→ Exercise aim: The listing below should be reproduced exactly, with the pictures omitted.

→ Recorded data:
********
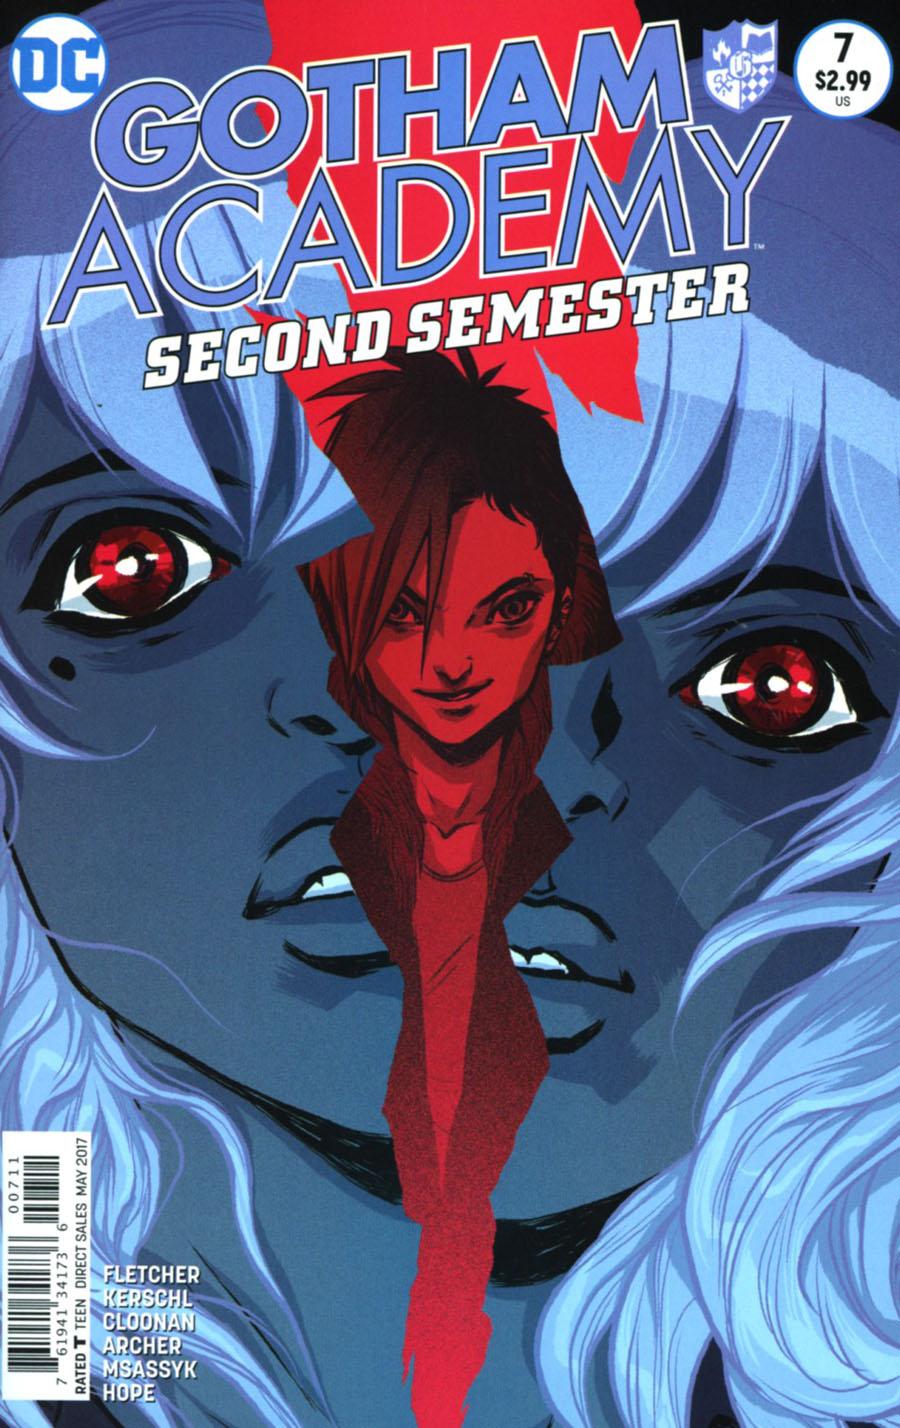 Gotham Academy Second Semester Vol. 1 #7
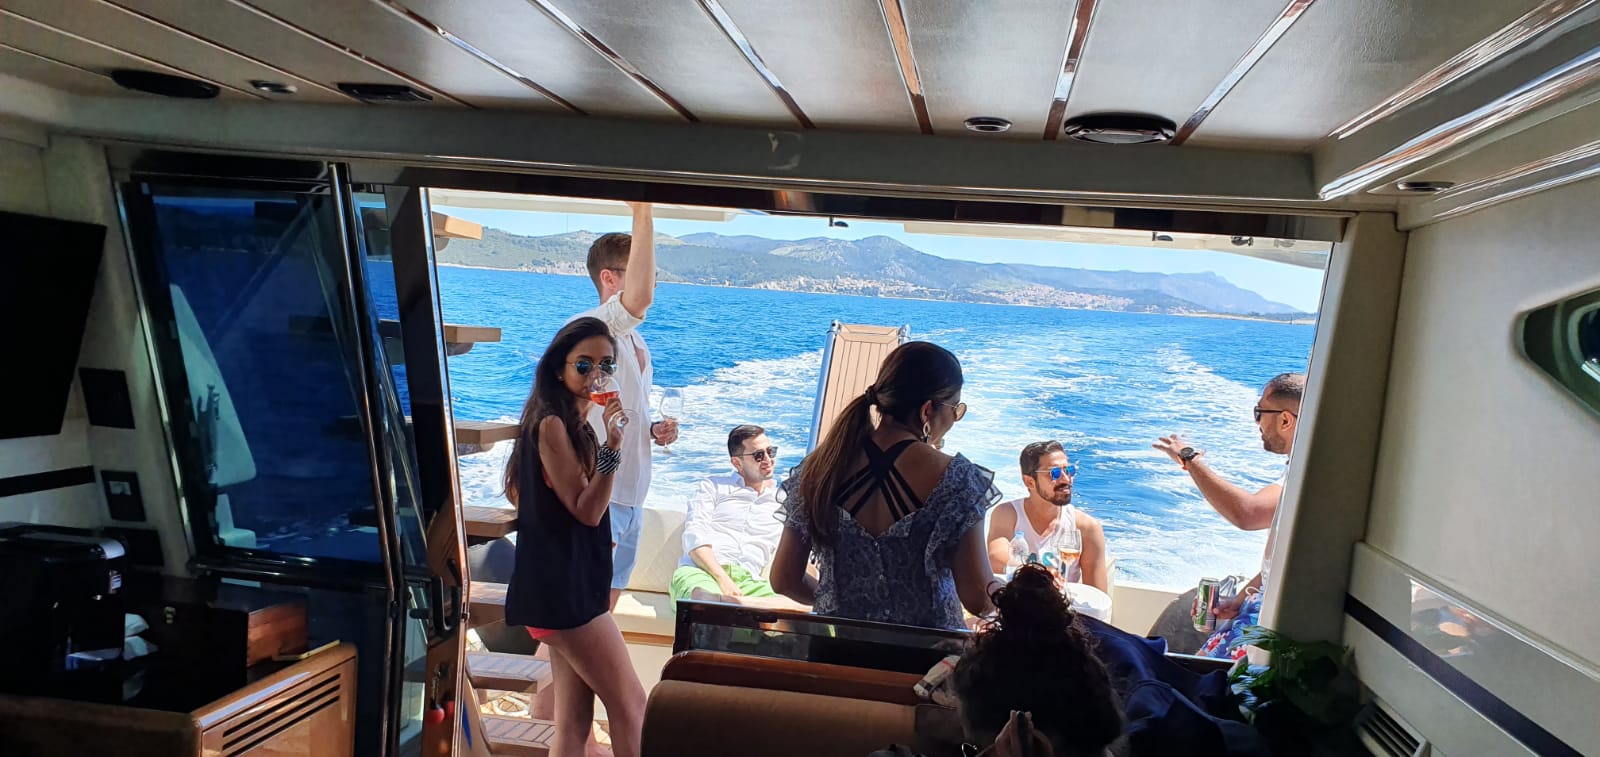 adriatic sea, adriatic sea croatia, croatia dubrovnik, renting a boat dubrovnik, dubrovnik rent a boat, dubrovnik boats
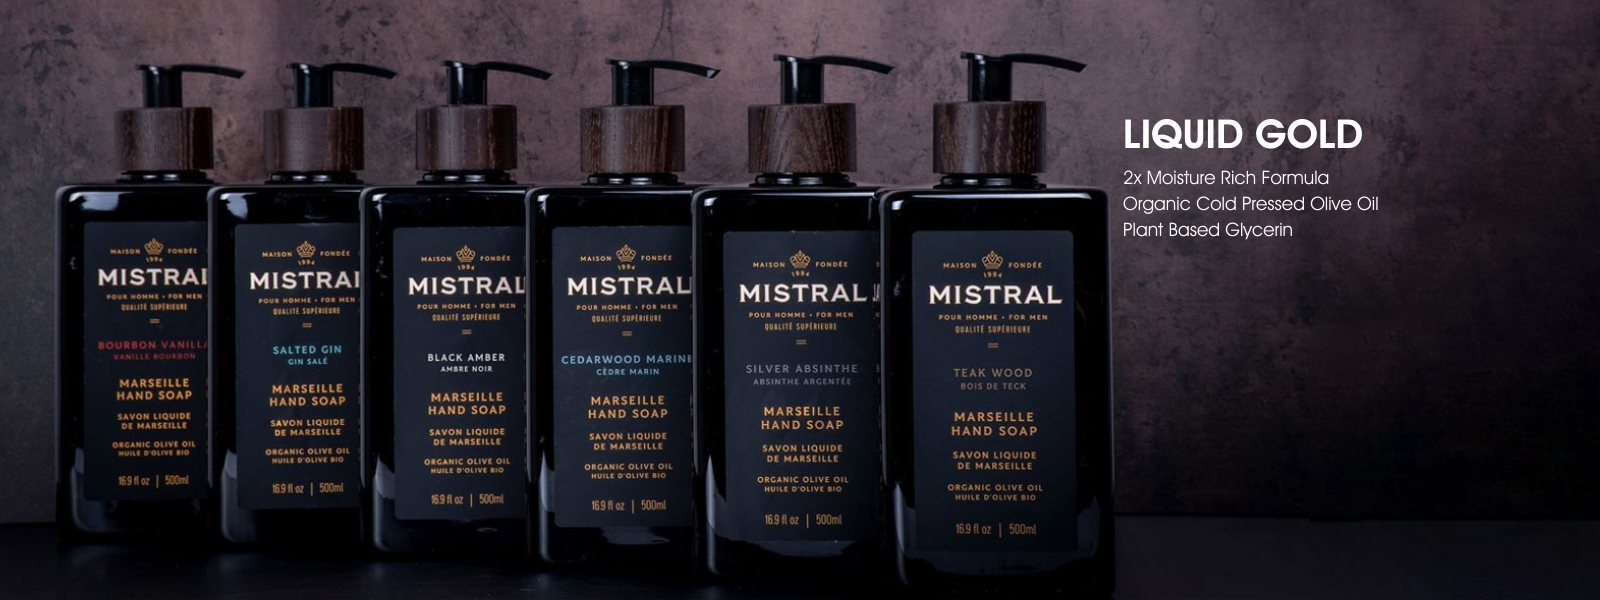 Mistral Men's Bar Soap Bourbon Vanilla
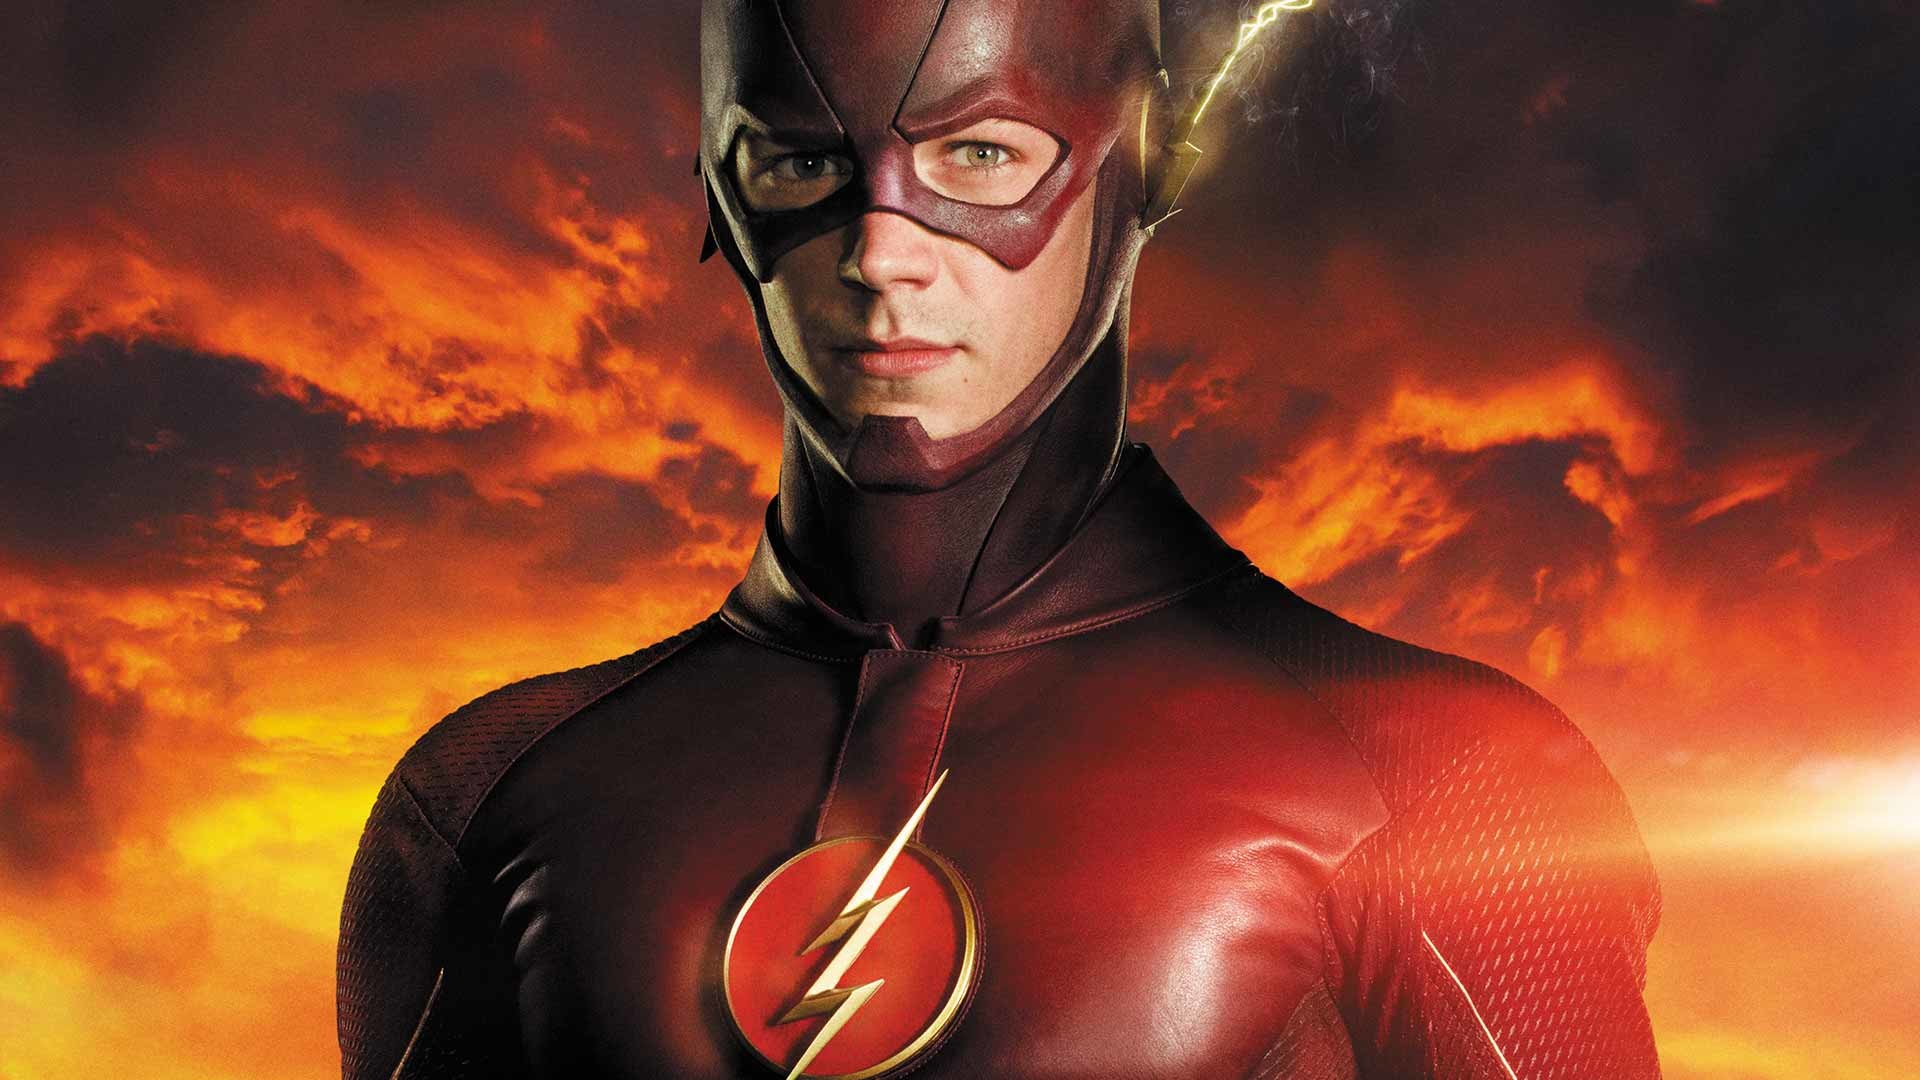 1920x1080 Syfy -The Flash Season 4 premiere title may hint at comic-influenced story  | The Flash Season 4 premiere title may hint at comic-influenced story
********
→ Output of the exercise:
 Gotham Academy Second Semester Vol. 1 #7
 adriatic sea, adriatic sea croatia, croatia dubrovnik, renting a boat dubrovnik, dubrovnik rent a boat, dubrovnik boats
 Mistral Men's Bar Soap Bourbon Vanilla
 1920x1080 Syfy -The Flash Season 4 premiere title may hint at comic-influenced story  | The Flash Season 4 premiere title may hint at comic-influenced story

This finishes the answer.